The Institute’s four research themes address multiple opportunities for significant impact in data science applications. This includes exploring the algorithmsic landscape of statistical problems and creating novel sketching, sampling, and sublinear time algorithms to address them; exploiting advances in mathematical theory for statistical methods; and creating theoretical tools necessary for addressing all application domains of data science – such as using neoclassical notions such as optimality, robustness, and calibration which are relevant today.
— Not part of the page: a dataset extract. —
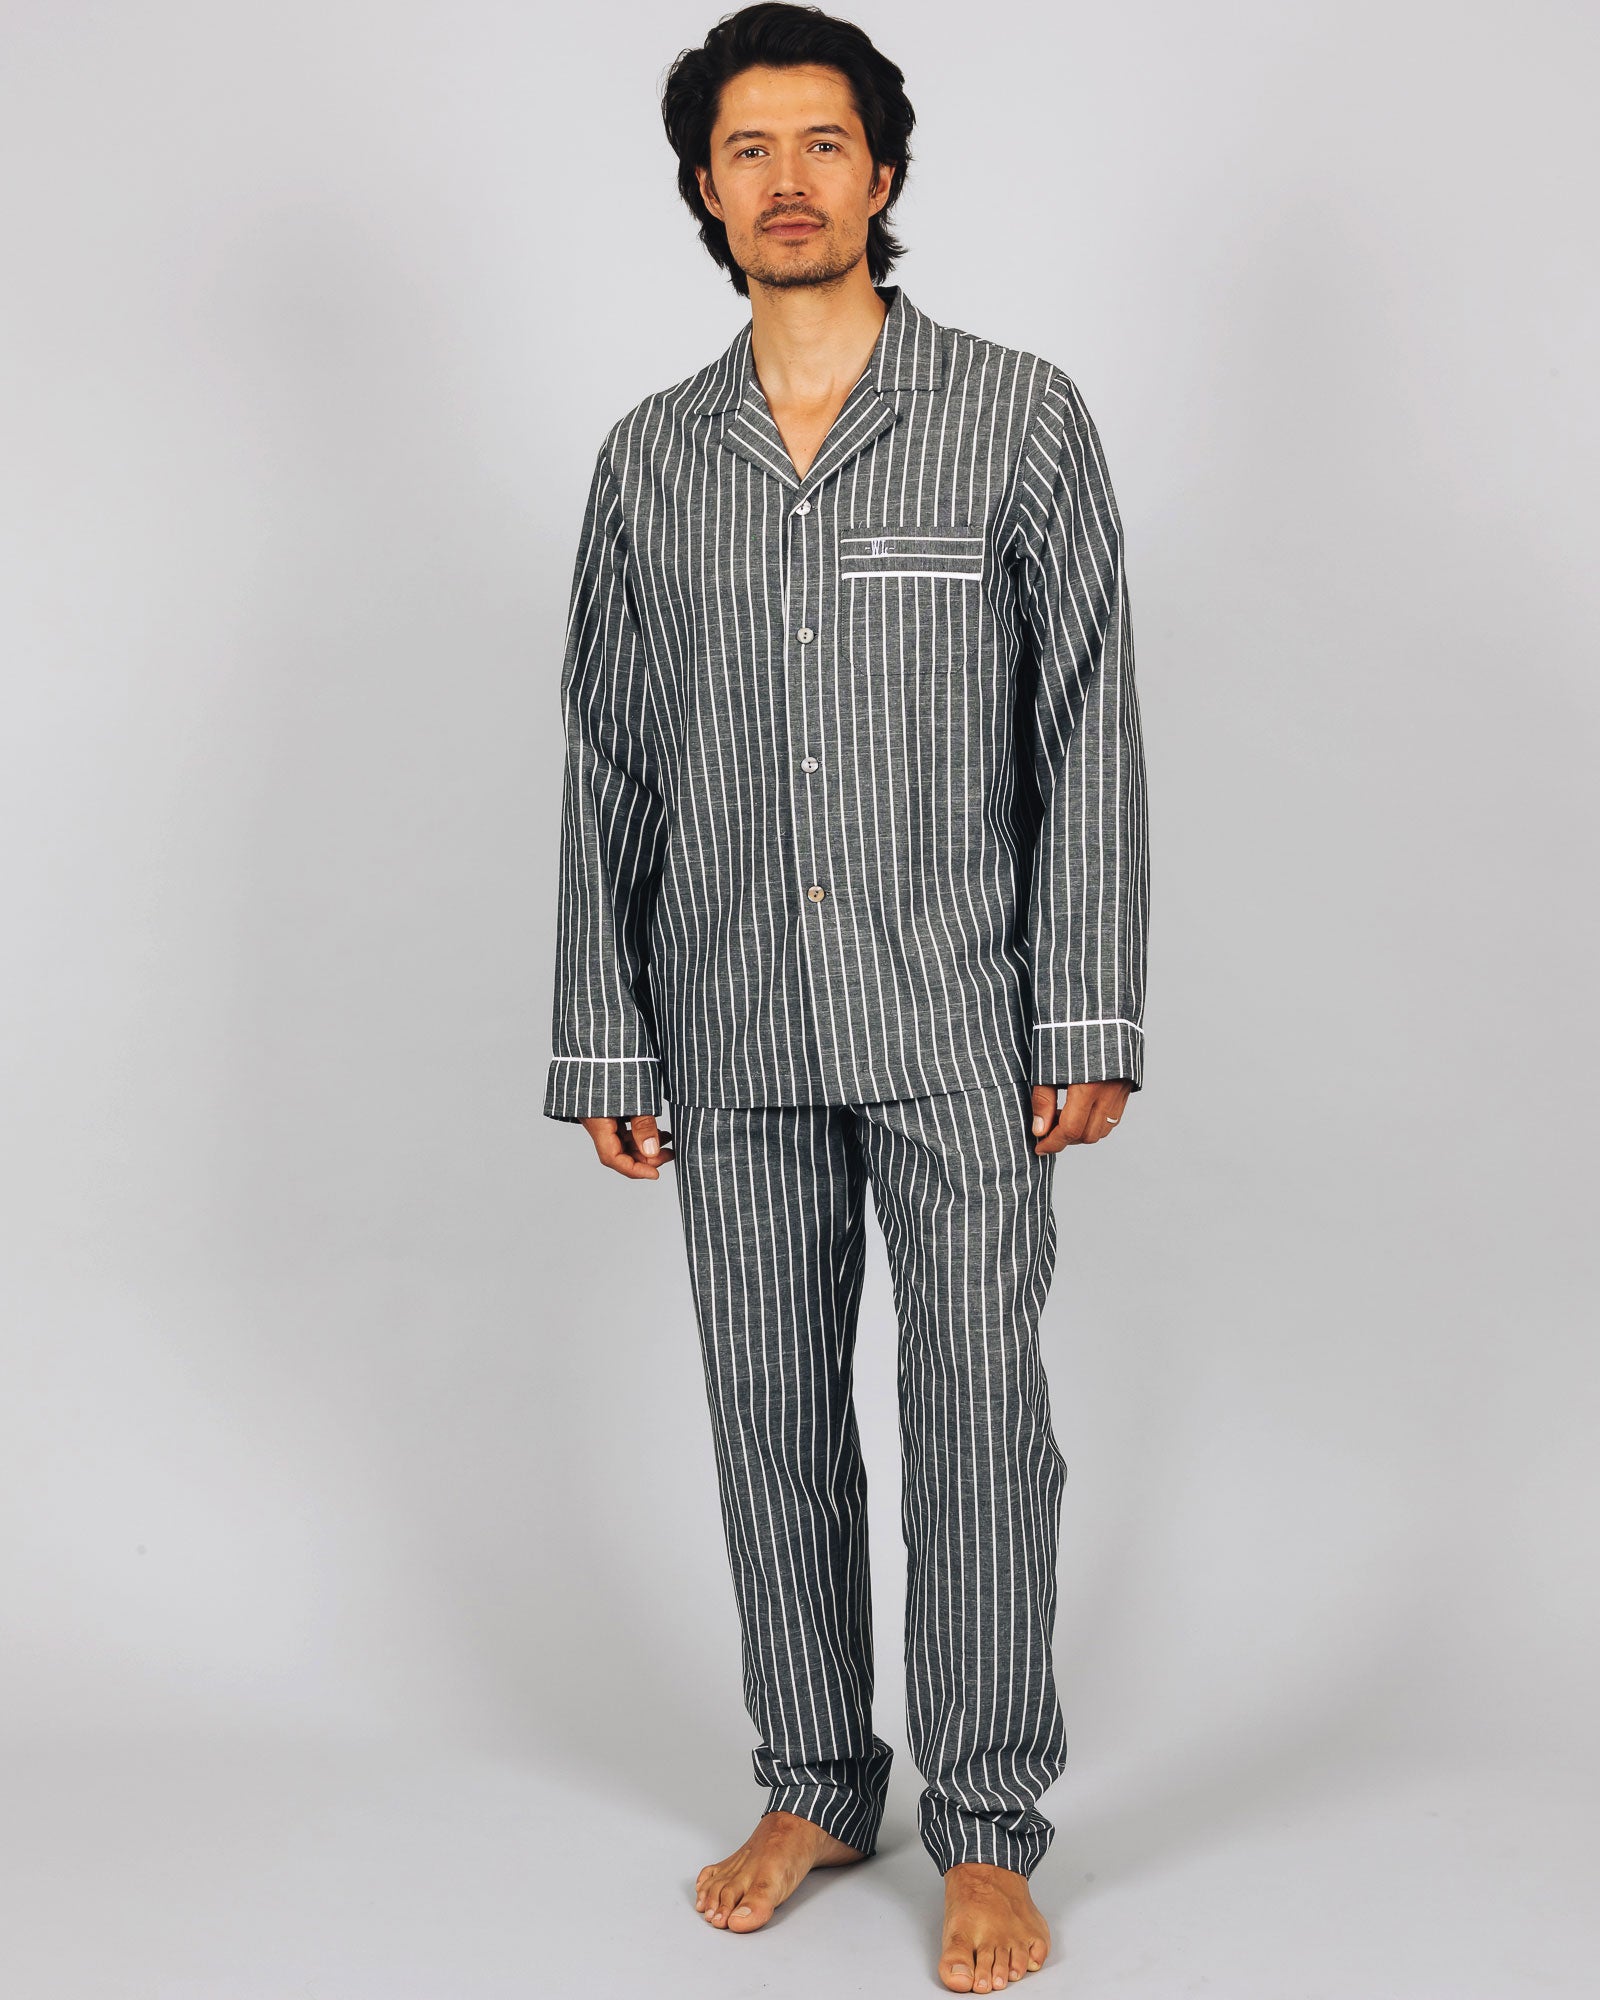 Men Bath Robes Sleepwear Dressing Gown Kimono Loungewear Nightwear Cotton  Casual | eBay

This multi-institution and cross-disciplinary collaboration brings together faculty from departments and institutions across campus – computer science, statistics and mathematics, economics, electrical engineering and operations research are among those represented. This approach builds on a long history of work in this area and on the premise that virtually all major advances in data science methodology began with scholars from other fields trying to solve a problem they couldn’t address on their own.

Additionally, our institute’s projects and programs that explore wider applications of data science will further solidify its position as a world-class leader in this emerging area. This includes working with industry partners, creating joint research centers, and equipping students at all levels with skills they’ll need to tackle data science challenges in real life.

Finally, the institute will address social, cultural, and ethical concerns surrounding new forms of technology in order to foster an environment in which these innovations respect human dignity. To do this, research that enables informed public debate will be conducted as well as building a national network of researchers who can anticipate and support its development – this work will be carried out in partnership with other MacArthur grantees such as Data & Society Research Institute.

Sam is an experienced information security specialist who works with enterprises to mature and improve their enterprise security programs. Previously, he worked as a security news reporter.